= Non-lifting sign =

The non-lifting sign is a finding on endoscopic examination that provides information on the suitability of large flat or sessile colorectal polyps for polypectomy by endoscopic mucosal resection (EMR). When fluid is injected under a polyp in preparation for endoscopic mucosal resection, some polyps do not "lift", indicating that the polyp is not separating from the submucosa. This makes polypectomy more technically difficult, and increases the risk of intestinal perforation if polypectomy is then attempted. It is also thought to be indicative of an early colorectal cancer that has invaded the submucosa significantly (sm3 – invasion down to the lower one-third of the submucosa), which would make surgical removal of the tumour preferable to allow complete removal of the cancer. Consequently, the non-lifting sign is generally considered to be a contraindication to performing endoscopic mucosal resection.

==History==
The non-lifting sign was first described in 1994 by Yoshiharu Uno and Akihiro Munakata of the Hirosaki University School of Medicine, Japan.

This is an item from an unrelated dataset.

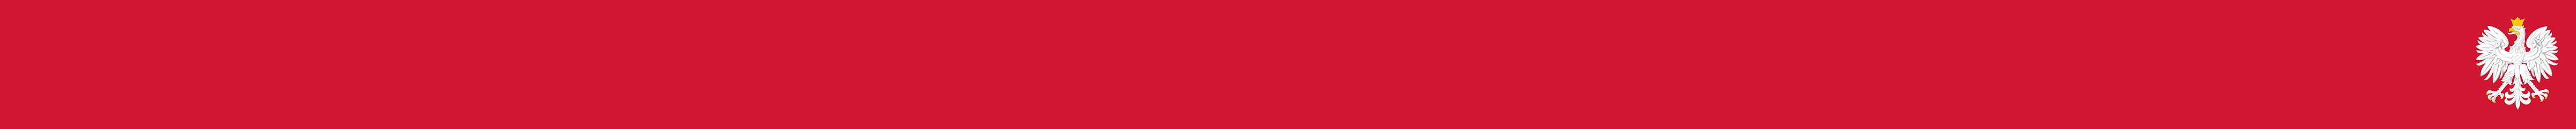 home-emblem
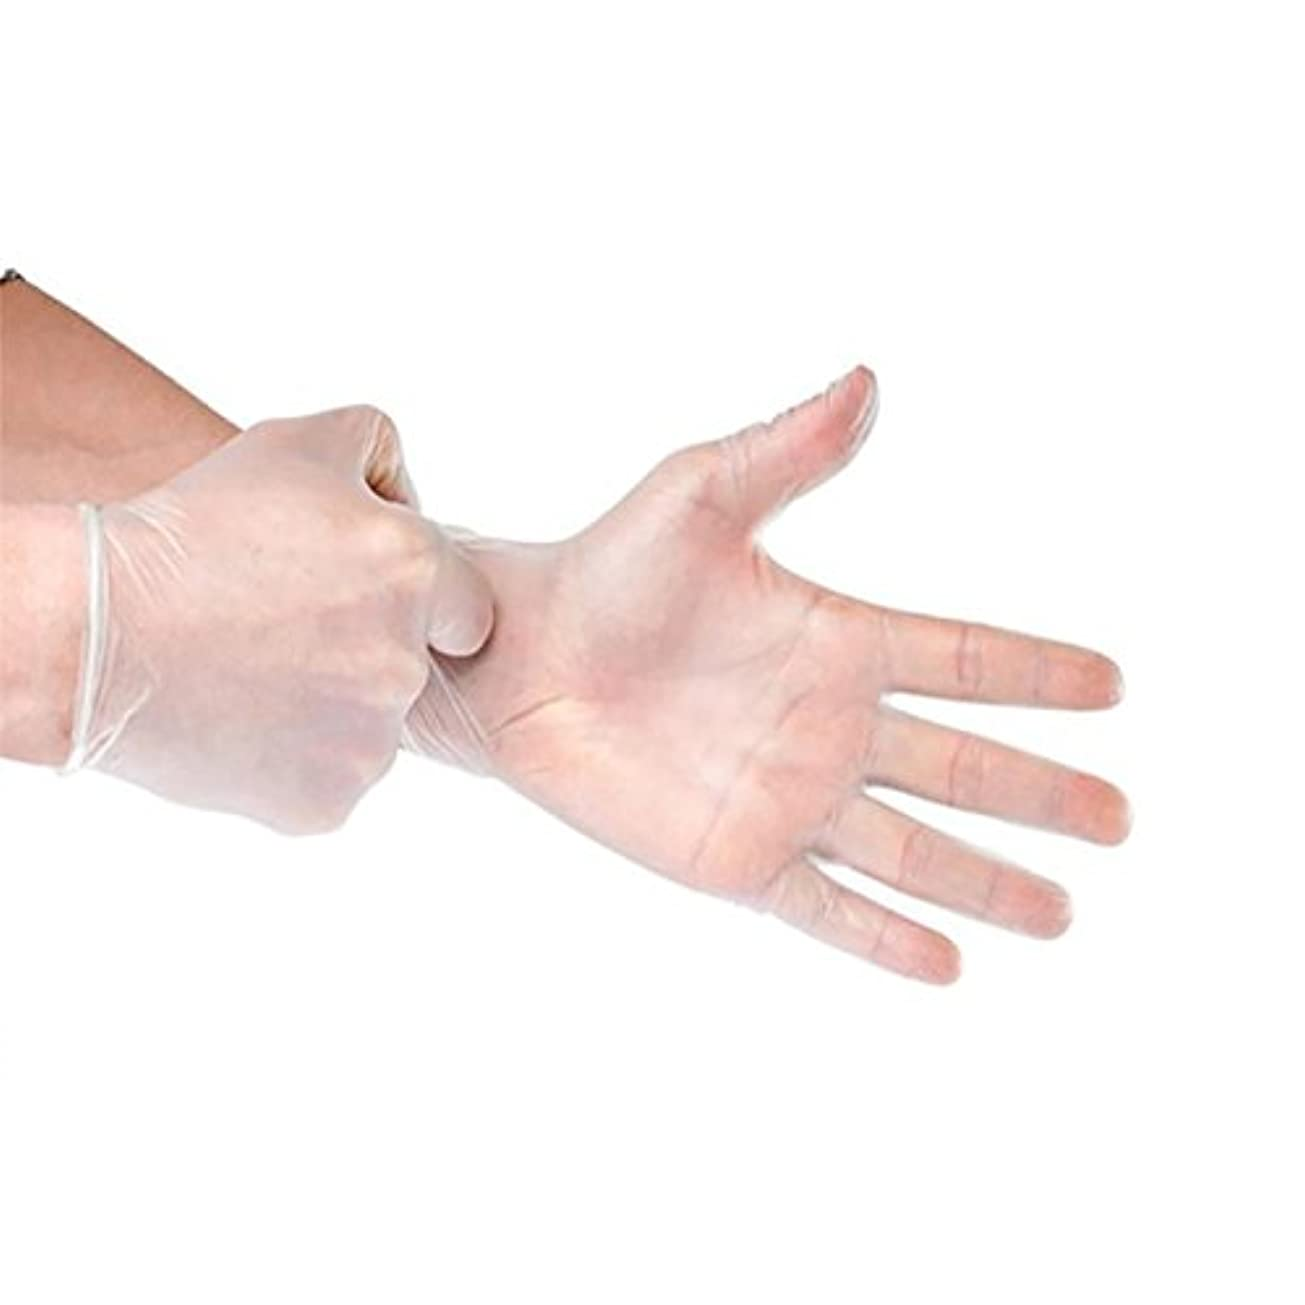 Cozyswan 使い捨て手袋 100枚入り 粉なし検査 料理 絵 清潔 掃除 ペット管理 size M (透明)

In 1999 the same team showed that the presence of a non-lifting sign correlated with the depth of invasion of the submucosa by early colorectal cancers that were being considered for endoscopic resection. The tumours which did lift when fluid was injected were found to be less invasive than those that did not (sm1 or sm2 - invasion confined to the upper two-thirds of the submucosa, with at least 1mm of uninvolved submucosa underneath). It is thought that the non-lifting sign is due to fibrosis around the tumour causing tethering of the tumour to the muscularis mucosae.

Subsequent research suggested that the non-lifting sign is less accurate in determining depth of tumour invasion than the assessment of tumours by the endoscopist, but still suggests that the presence of the sign makes endoscopic resection technically difficult. However, more recently it has been found that fibrosis may be caused when a tumour is biopsied before endoscopic mucosal resection is attempted, which leads to a false positive non-lifting sign and therefore reduces the apparent accuracy of the sign. The authors, therefore, recommended avoidance of biopsy of the lesions if EMR is to be attempted, and if biopsies have been taken the time before EMR is attempted should be minimised.